The simulation software overcomes these hurdles by including several elements and material options to simulate gaskets. New elements let users directly measure relative deformation of the gasket's top and bottom surfaces. Users also can define pressureclosure characteristics to model gaskets' throughthickness behavior. At present, the simulations ignore membrane and transverse shear.

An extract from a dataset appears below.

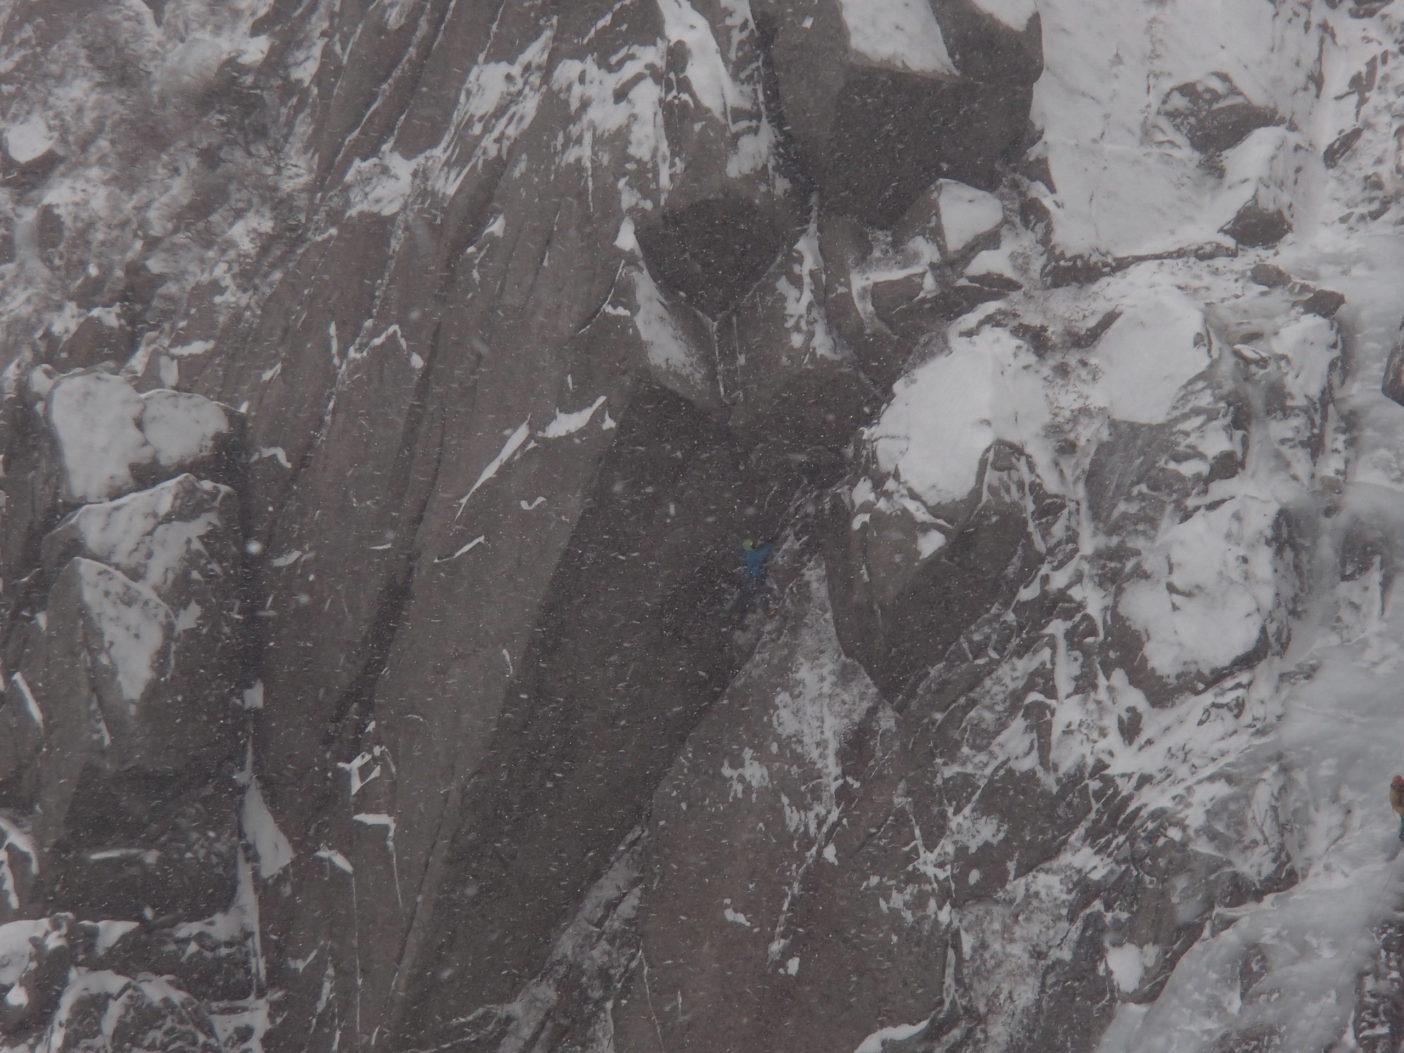 風雪の中尾根P2を登る花谷泰広。写真:ウィンタークライマーズミーティング提供

"Interface elements, based on the relative deformation of the top and bottom surfaces, quantify gasket pressure. Therefore, graphs of experimentally measured pressure versus closure can be used to characterize gasket materials," says Lin. Several 3D and 2D interface elements are available, and temperatures can be included as element-body loads at the nodes. To calculate the life of a gasket, users can take advantage of fatigue tools in the simulation software, or conventional fatigue analysis (an S-N curve) methods. Effects of aging are not taken into account. However, temperature cycling can be accounted for by defining a set of temperature-dependent material data.
The software also includes new material models with options for defining complex loading and unloading curves. For example, a gasket-table option lets users simulate gasket joints with interface elements that are only one element thick.
The gasket material, usually under compression, behaves nonlinearly. But the material shows a complicated unloading behavior as well.
A table option lets users input an experimentally measured pressure-closure curve for a material model, and several unloading curves. The curves are often not the same. When no unloading curves are defined, the material behavior follows the compression curve.
Users need not account for the surface conditions of the materials on either side of the gasket. And sealing compounds can be considered several ways. For example, sealant can be treated as another layer of material. Or, model the combination of sealant and gasket as one layer and define material properties that reflect the combination.
"The software calculates results for gasket pressure, closures, and thermal closures," says Liu. He adds that experienced Ansys users should be able to learn the gasket feature within a few days.